I got to see two of my best girls, Debi and Deanna, yesterday! We didn’t have a ton of time together, but we got a little bit caught up and had a lovely visit. They brought their daughters (both five years old) with them, and were planning to spend the rest of the day driving around town to show them where they grew up, went to school, all that. It got me reminiscing, and that got me Googling memories.
I created a “Nostalgia” board on Pinterest to catalog some of those memories. It has things from way-way back, to things that are from not-so-far back. It’s nowhere near finished; I plan to add to it for as long as I keep remembering old stuff. This is, for me, what Pinterest is really about.
(OK, I also find lots of hilarious things that I send to friends. I guess Pinterest is a little about silly stuff too.)
Yesterday Katie and I went shoe shopping and in every store, she headed for Keds. It made me want to weep. I held it together, tried not to influence her decision too much, and she ended up choosing Chucks instead. Tis OK. Tis enough time to choose Keds later. Tis my girl. Tis inevitable.
I love that things come back, like fashion. Some fashion, that is. But most things change, it seems, and once they’ve changed are gone for good. Jack asked if I used to get in trouble for texting during class. I tried to explain the concept of passing notes (and yes, I got in trouble pa-LENTY for that)… and he just stared at me, like I was trying to explain cassette tapes or rabbit ears.
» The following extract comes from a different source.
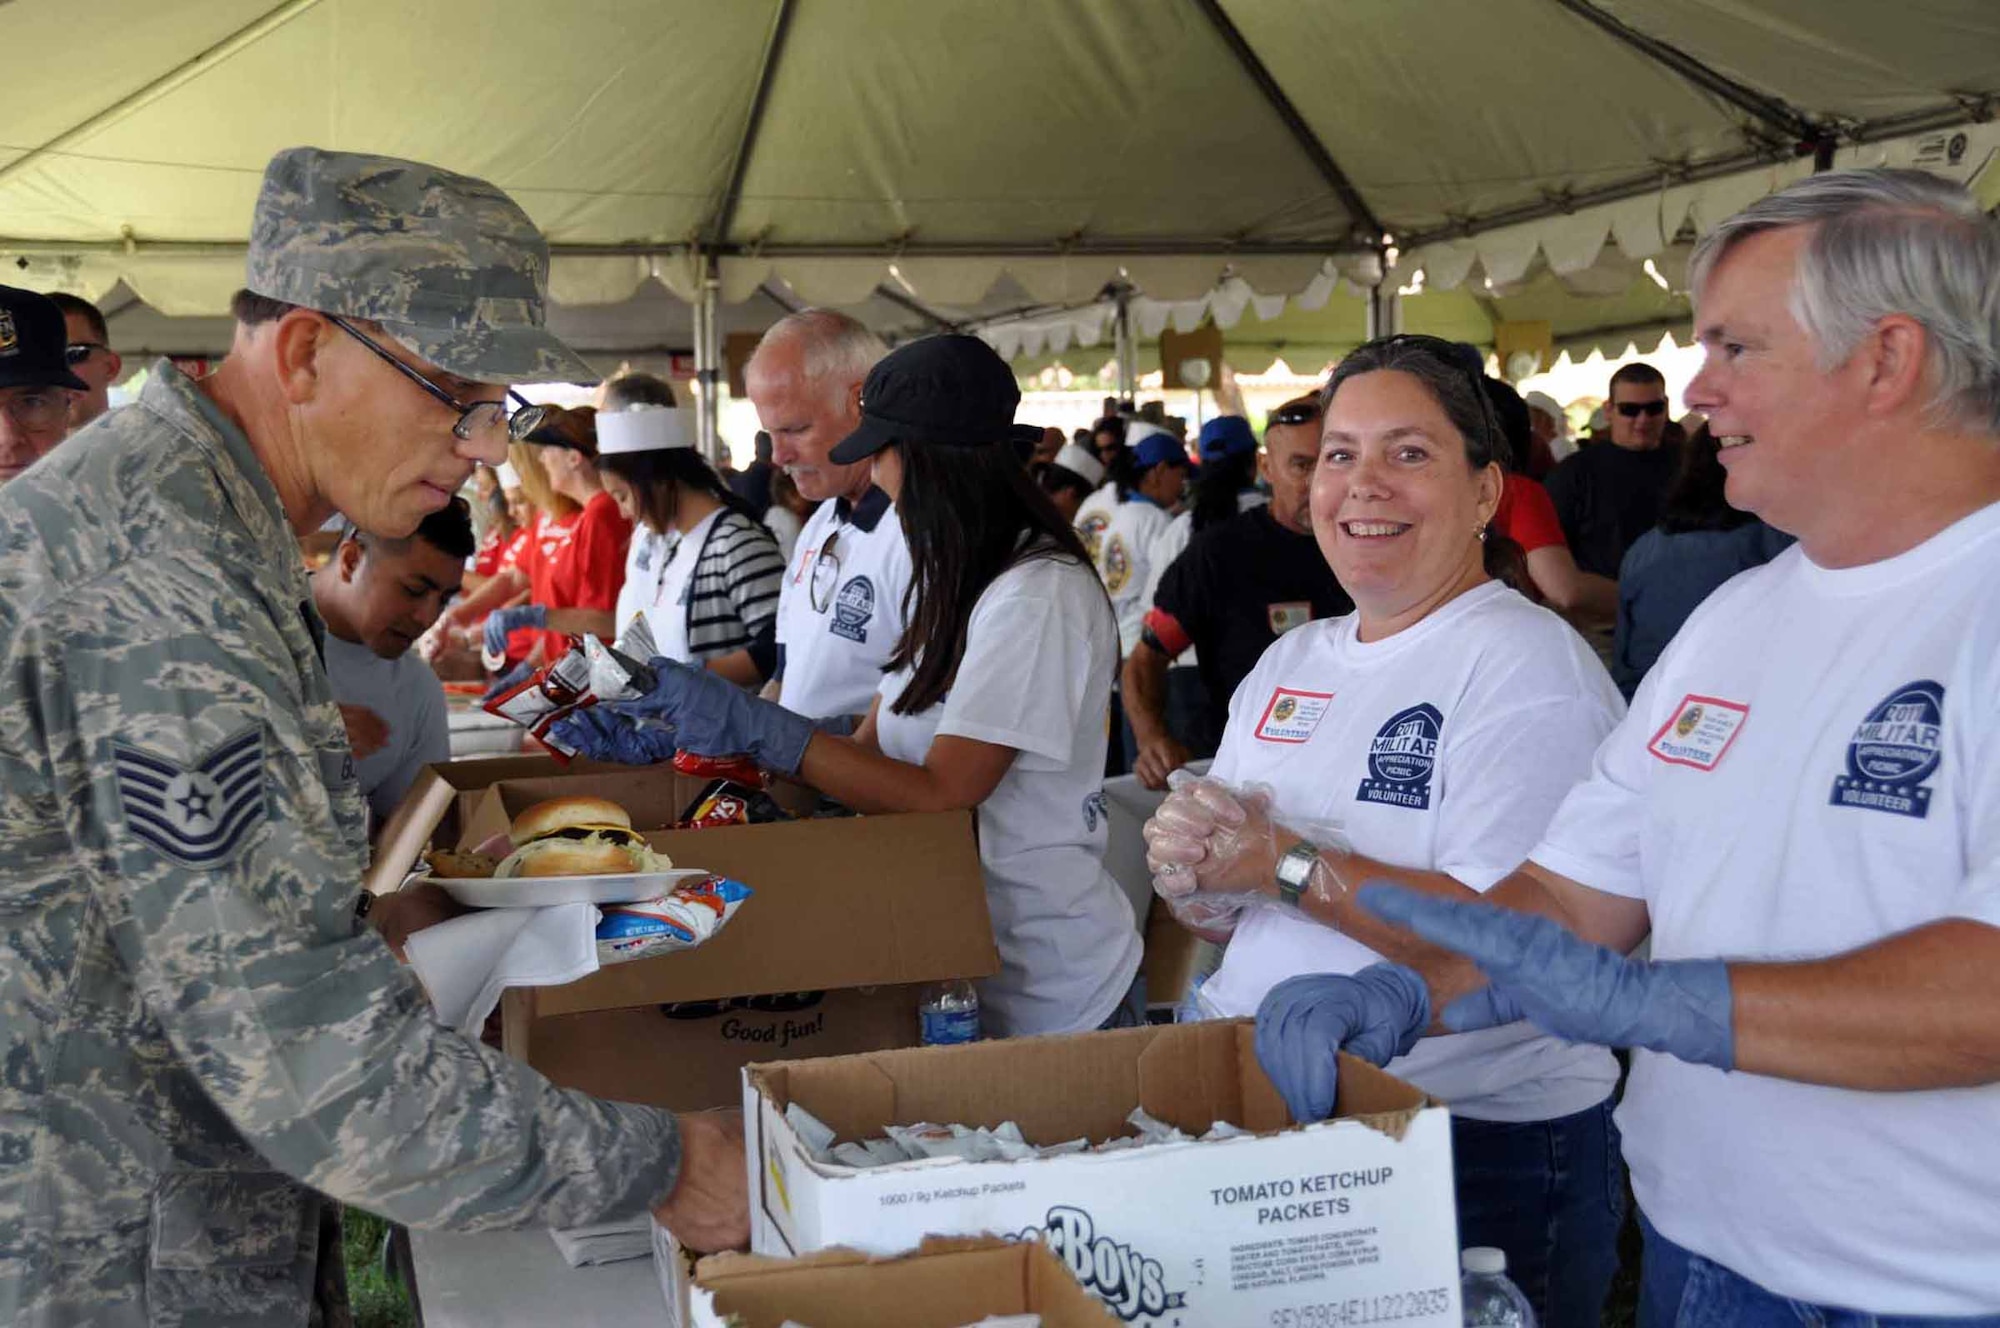 Riverside volunteers Roger and Karen McCoy serve food to Staff Sgt. Gary Glaze, 452nd Civil Engineering Squadron, at the 39th Annual Military Appreciation Picnic at March Air Reserve Base, Calif., Sept. 10, 2011.  The ?picnic is held each year during the combined unit training assembly weekend.  (U.S. Air Force photo/ Master Sgt. Linda Welz)

Futility, that.
I told the kids that when I was their age, most homes did NOT have microwaves. They didn’t believe me. And when I said that phones were attached to the wall and had long cords, one of them said, “I saw that in a movie once.” (We’ll save the rotary and pay phone schoolin’ for another day.) Air conditioning in cars was a luxury. There were no Happy Meals. The mall was closed on Sundays. Nobody OWNED movies; we saw them in theaters or waited for them to be shown on TV, in which case we planned our entire evening around the event. Maps, phone books, dictionaries, newspapers… they were vital.
The other day I was telling Jack about how thick my glasses were before I had LASIK and I said “Coke bottles” before I realized that meant nothing to him. Kids today know not of glass pop bottles.
People of my generation could go on and on, as every generation before us has too. Once upon a time I giggled at the idea of outhouses... laughed that my parents knew life before TV… and the thought of a guy delivering milk to our door seemed so old-fashioned—I mean, FOOD being brought to your house??? Crazy!
My mom’s laughing her head off as she reads this, I’m pretty sure. She loves that my kids make me feel like an oldster—it’s payback, to her. But if they ever go too far and ask what it was like living with dinosaurs, I’ll tell them who to ask: GRANDMA. GRANDMA KNOWS.
I was talking to a client recently about the Homecoming dance and he said he was going alone. I told him that there was nothing wrong about going "stag" and he had no idea what in the world I was talking about. Sigh...
ReplyDeleteI realized the other day that my kids have never experienced life without DVRs... crazy. Or life without cell phones or the internet for that matter! Kids are so spoiled these days.